Tip 3: Make customer care priority #1. 

Photo by reallyboring
Organizations embrace clouds to consolidate and to benefit from the economies of scale cloud computing offers in performance, resiliency, security, and general technical competency. If these are the operational areas that the cloud is supposed to provide, don't think, "What's left for the technical staff?" Instead, ask your customers: "Now that you've freed up expertise, how can you use the team to complement what the cloud is doing to improve productivity and enhance user (or customer) experience?" Consider projects that will raise security awareness, streamline workflows, or finally take on a big-data or similar initiative that you've put off for lack of... experienced staff!

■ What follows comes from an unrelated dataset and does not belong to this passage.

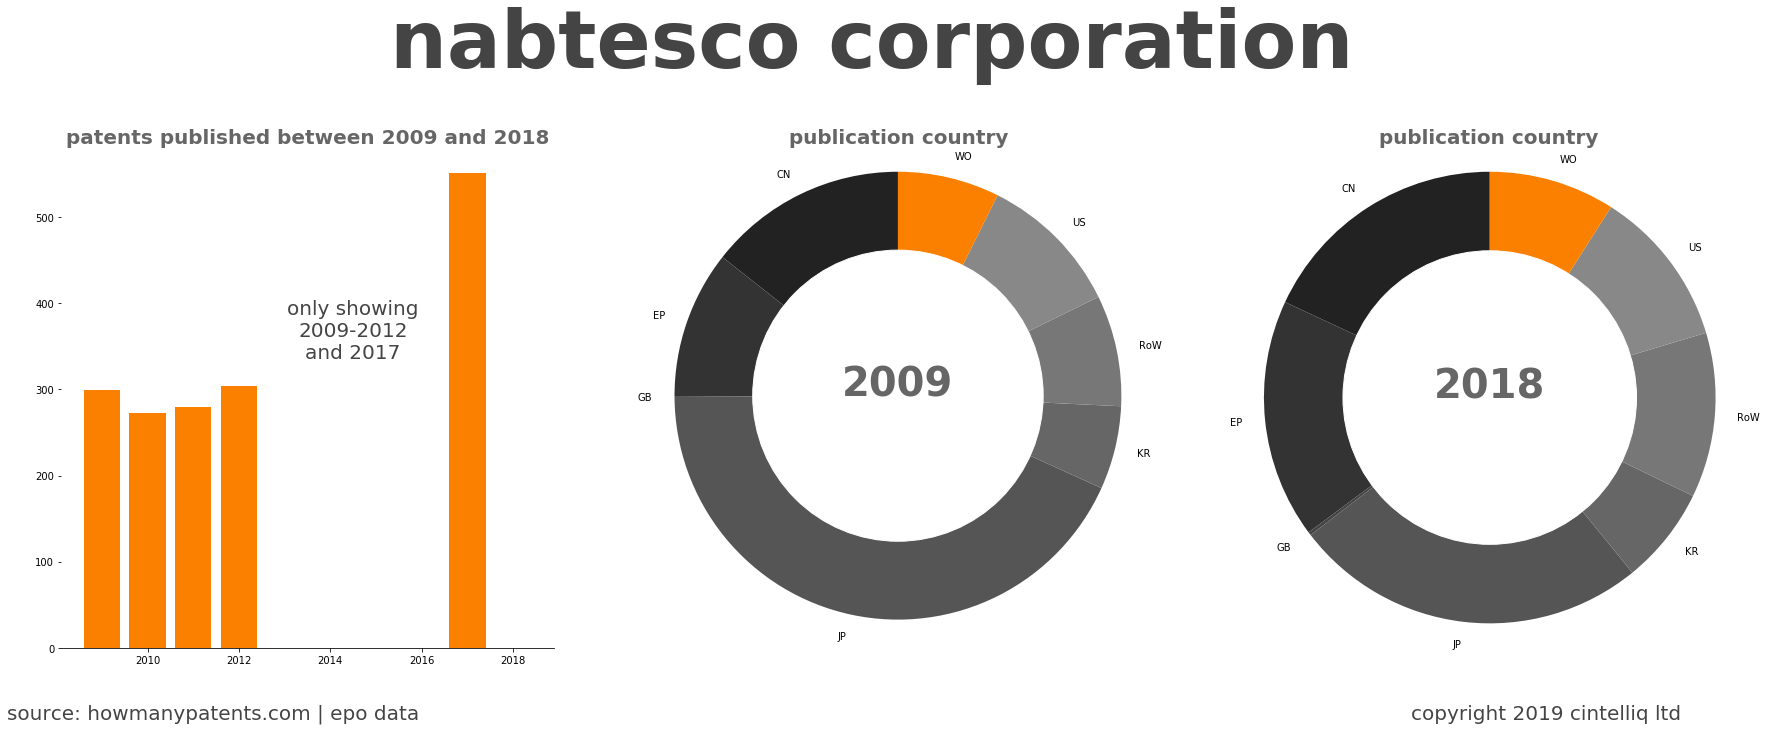 summary of patents for Nabtesco Corporation

The bottom line is that cloud services or infrastructure offer significant benefits or economies beyond workforce reduction (which are nicely documented in a whitepaper from Microsoft). While companies may see some reduction in staff, this is a secondary benefit compared to the delivery of more reliable and usable service to users or customers. The latter are, after all, the real reasons an organization embraces technology and online presence.